When first operating a refugium 40 years ago, the school of thought was to use Caulerpa on a 24 hour light cycle to prevent it from going sexual. Then the standard became the oppossite light cycle to stabalize pH during lights out. There is no oppossite light cycle on the reefs of the world. Why is pH steady stae of such importance. My sumpless tanks have no oppossite light cycle. The pH fluctuates between 8.1 and 7.8 with no ill effects on tank community.

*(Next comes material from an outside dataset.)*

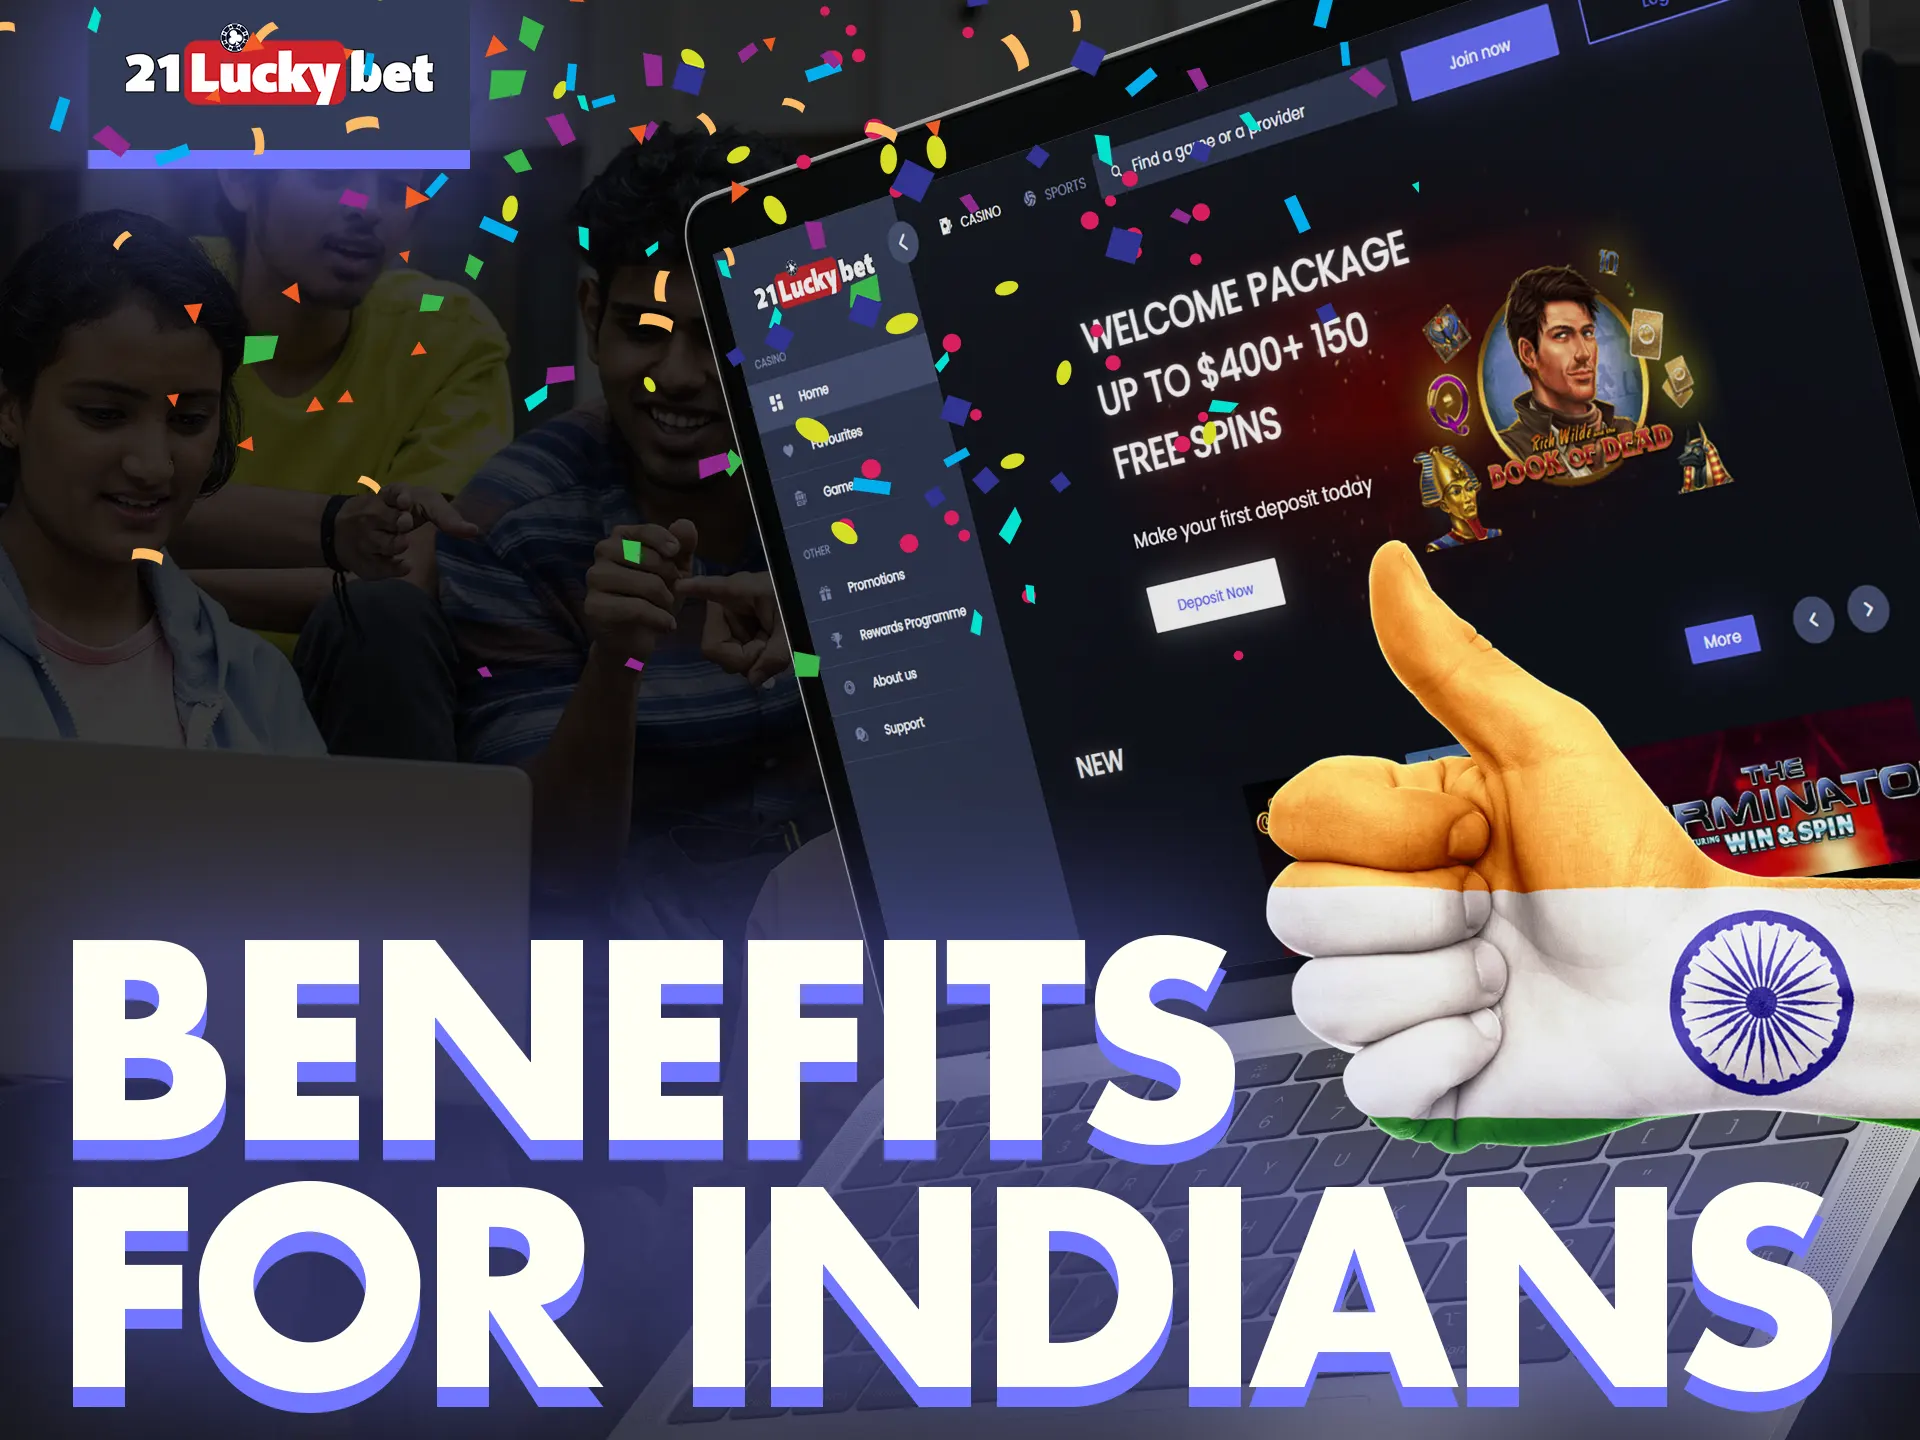 At 21luckybet you will find many benefits for players.

In fact at 7.8 aroggonite will begin to dissolve helping with buffering and trace mineral addition.

Last week, I changed refugium lighting schedule to run simultaneous with DT. Display tank is 75G with a 4" DSB Jaubert Plenum with a mud and macro refugium. This tank has been set up for 10 years.

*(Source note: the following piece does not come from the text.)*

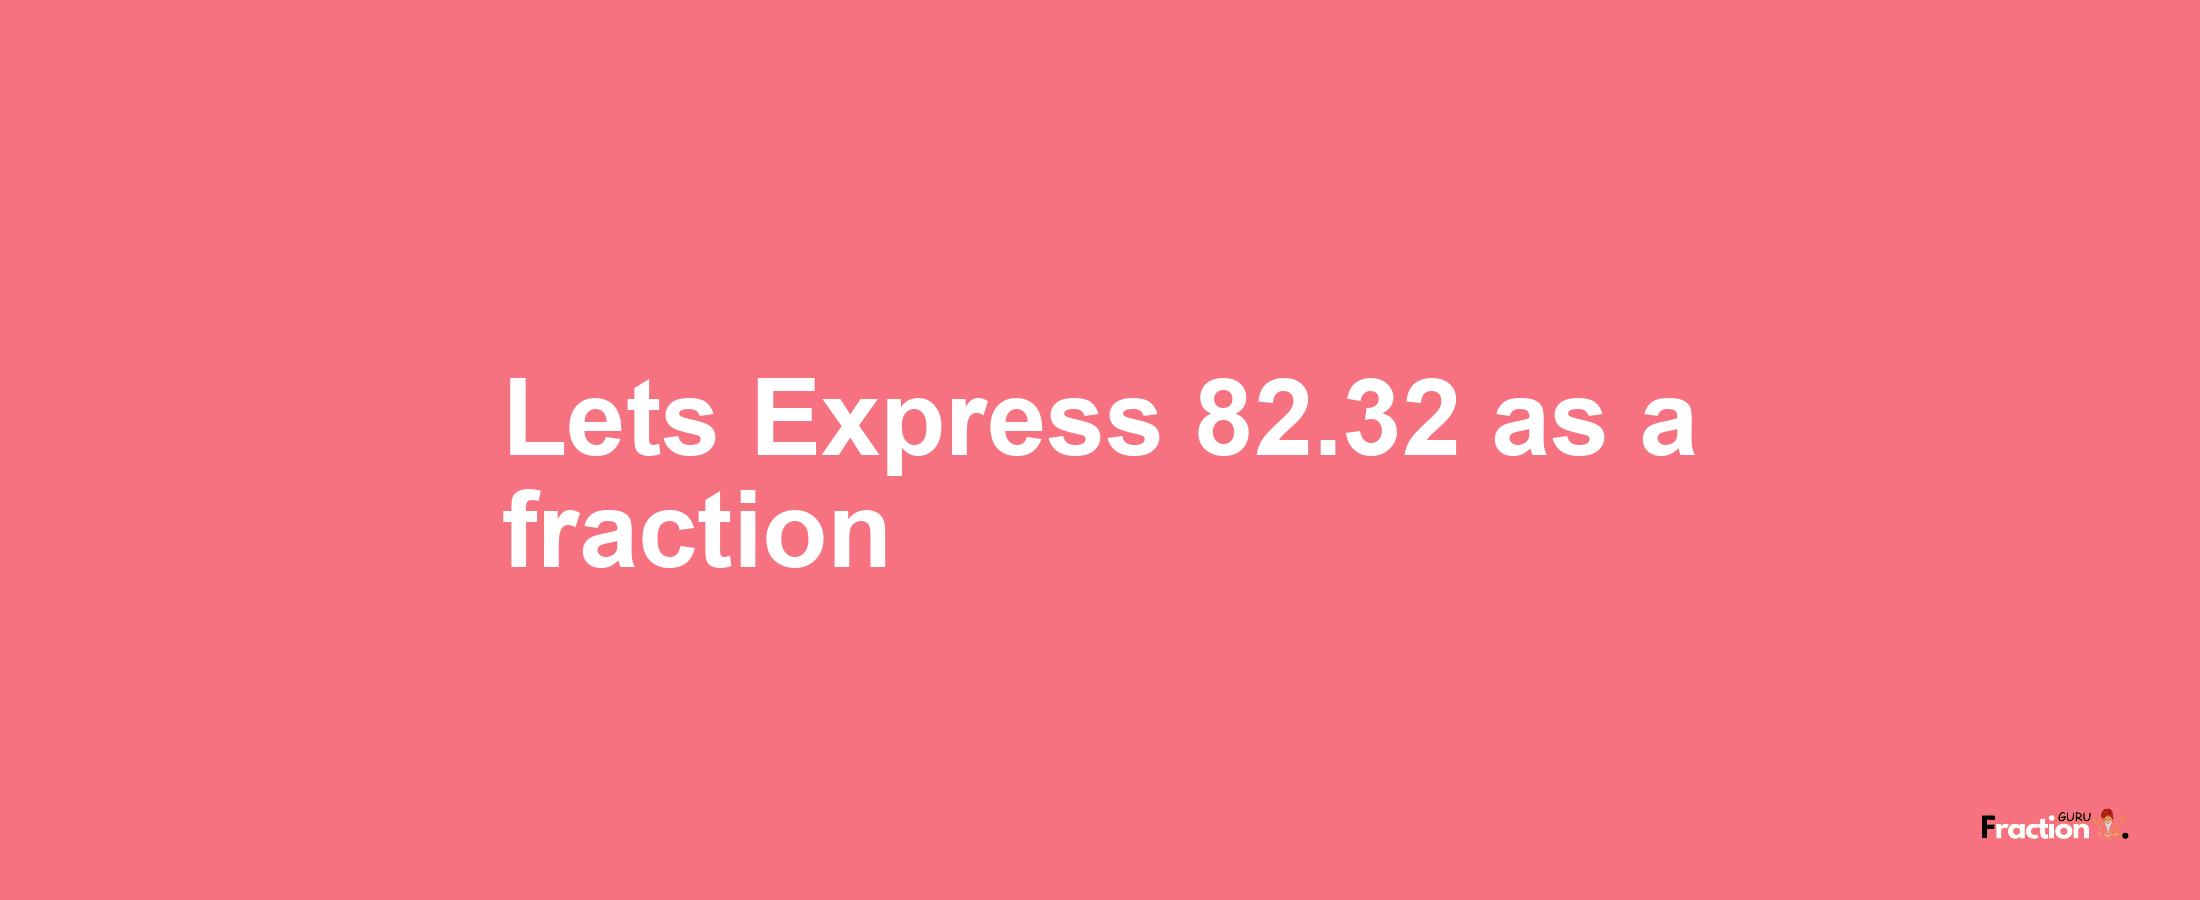 Lets Express 82.32 as afraction

We shall see what moderate pH fluctuations do in a mixed garden reef tank.

Michael Hoaster
09/25/2017, 08:19 PM
It's not required, but (in theory) a good practice to help with stability. It also stabilizes oxygen levels, which could benefit fish and sensitive inverts. Plants consume, rather than produce oxygen at night, so oxygen levels are lowest in the morning. Having a 'fuge producing oxygen at night smooths out this variation.

Subsea
09/25/2017, 09:24 PM
It's not required, but (in theory) a good practice to help with stability. It also stabilizes oxygen levels, which could benefit fish and sensitive inverts. Plants consume, rather than produce oxygen at night, so oxygen levels are lowest in the morning. Having a 'fuge producing oxygen at night smooths out this variation.

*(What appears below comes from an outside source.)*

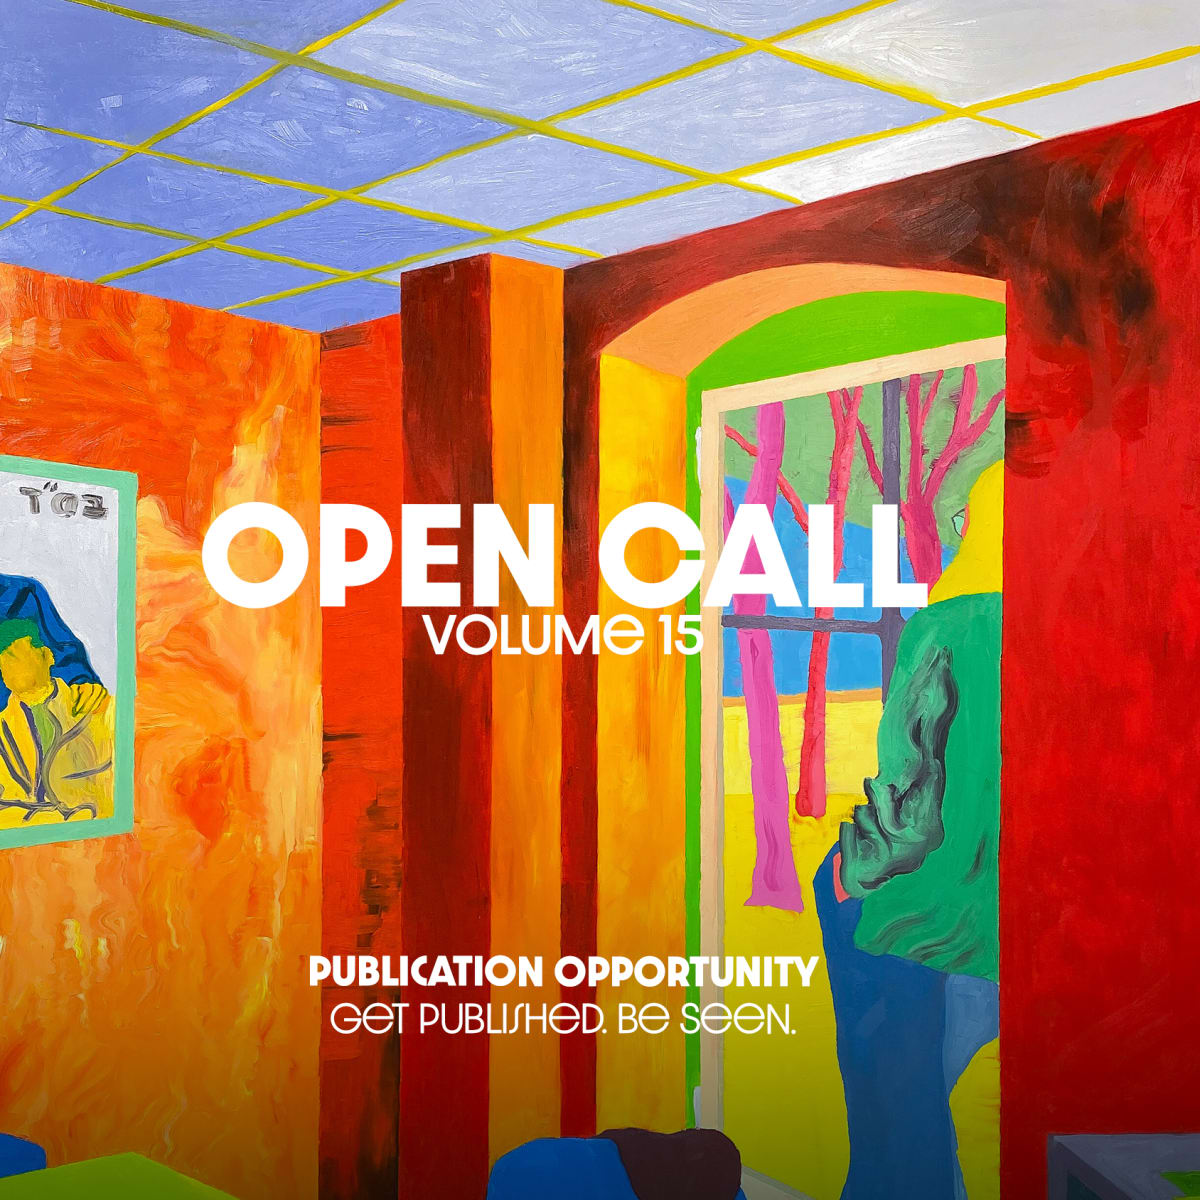 Publication Opportunity for Emerging Artists in Volume 15

Oxygen is the most important thing. Yes, it is true that photosynthesis consumes carbon dioxide and produces oxygen. However, that is not the only process that adds oxygen and removes carbon dioxcide from the water. Gas exchange at the water air interface needs to be maximized particularly if there is no surface skimmer as would be in a sumpless system. With a refugium, the surface skimmer aleviates surface tension of the air/water interface in the display tank by removing scum, therby promoting better gas exchange. In my refugium, the first chamber is bioballs which further enhance gas exchange.

Moort82
09/26/2017, 12:38 PM
If stability is an aim then by switching the photoperiod to an opposite cycle is the easiest thing you can do. Some people also pay less for electricity at night so it's win win. Does it majorly affect the tank, probably not but even if it's only helps a tiny amount it doesn't take much effort, so why not.

Subsea
09/26/2017, 12:48 PM
If stability is an aim then by switching the photoperiod to an opposite cycle is the easiest thing you can do. Some people also pay less for electricity at night so it's win win. Does it majorly affect the tank, probably not but even if it's only helps a tiny amount it doesn't take much effort, so why not.


It is a "Question of Balance". "Steady State" pH is not the goal. The ocean reefs pH fluctuate between .1 and .5, if it works like that in nature, why should I change it in my marinre tank.